To find out if a given graph with K nodes is a biconnected component, loop over all K*(K-1)/2 pairs of nodes and find out if there are two independent paths between them.
In order to find out if two nodes i and j are biconnected, first find all paths between them. For each path, find out if there is an alternative connection to that path. If you find one, you're done for that pair. If not, you've found proof that the graph you're looking at is not biconnected and you can break from all loops but the outer one and test the next graph.

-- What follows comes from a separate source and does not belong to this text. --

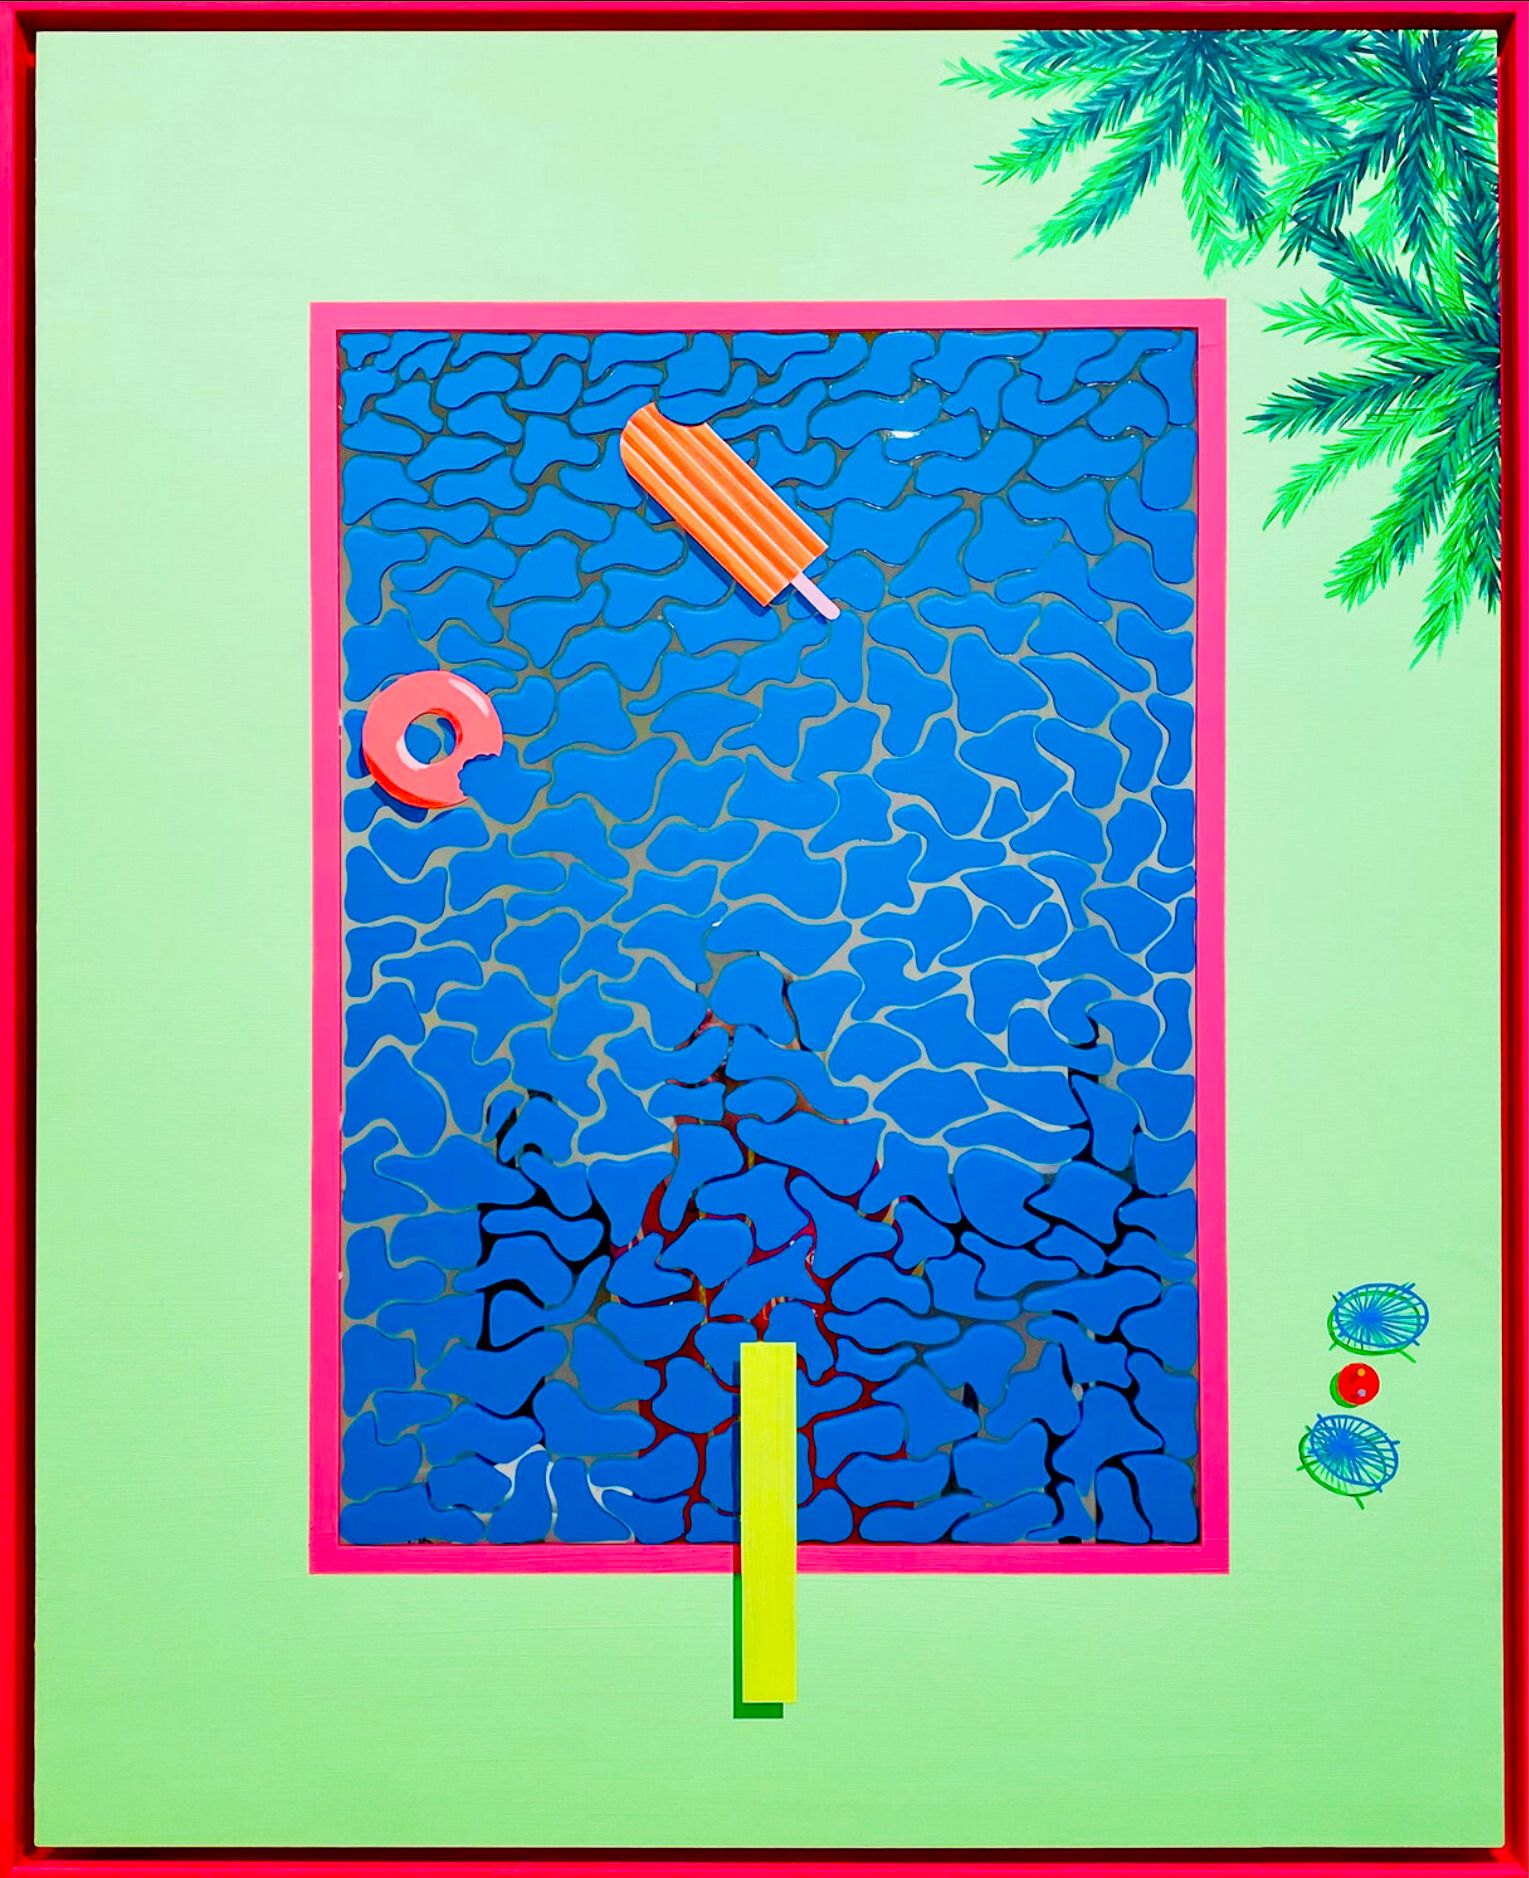 Isabelle Derecque, "Domingo en la piscina" Pintura colorista, en una misteriosa piscina de colores lugares pintados sobre espejo plexi en estilo pop-up con colores alegres y enérgicos. Visualizado mediante geometría, perspectivas, contrastes y reflejos.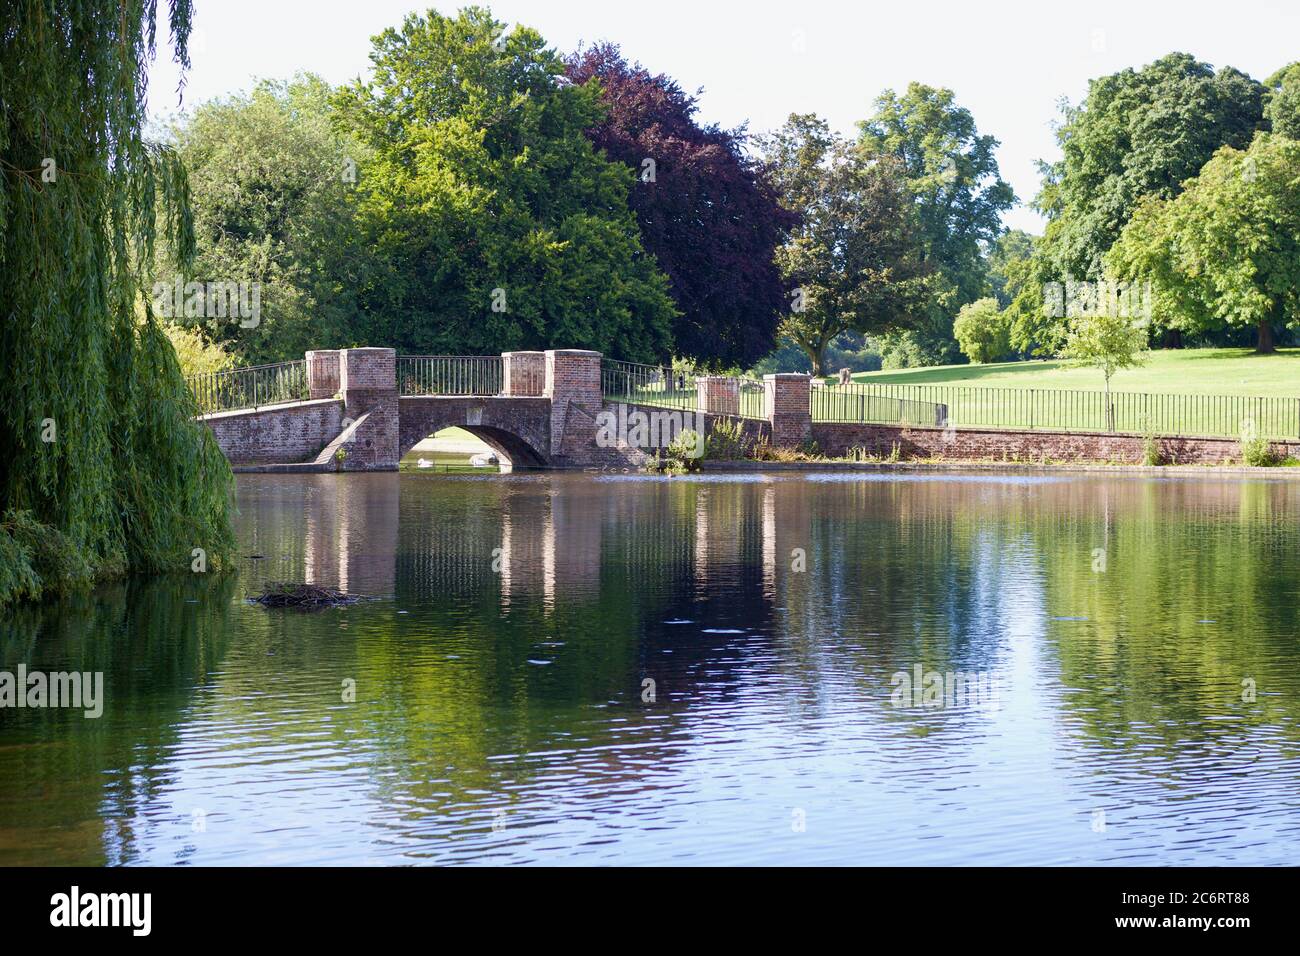 11 luglio 2020 - St Albans, Regno Unito: Lago al Verulam Park con ponte e alberi Foto Stock

In order to see if there is an alternative connection between i and j, take out all edges you used in the first path, and see if you can find another one. If you can, you're fine with i and j. If you can't, continue with the next path in the initial list of paths you found. If you reach the end of your list of paths without finding one for which an alternative exists when taking out the involved edges, the two nodes are not biconnected and hence the whole graph isn't.
There is a linear run time algorithm for finding all cut points (or cut vertices or articulation points) in a given graph using Depth First Search.
Once you found all the cut points, it's easy to find all of the bicomponents.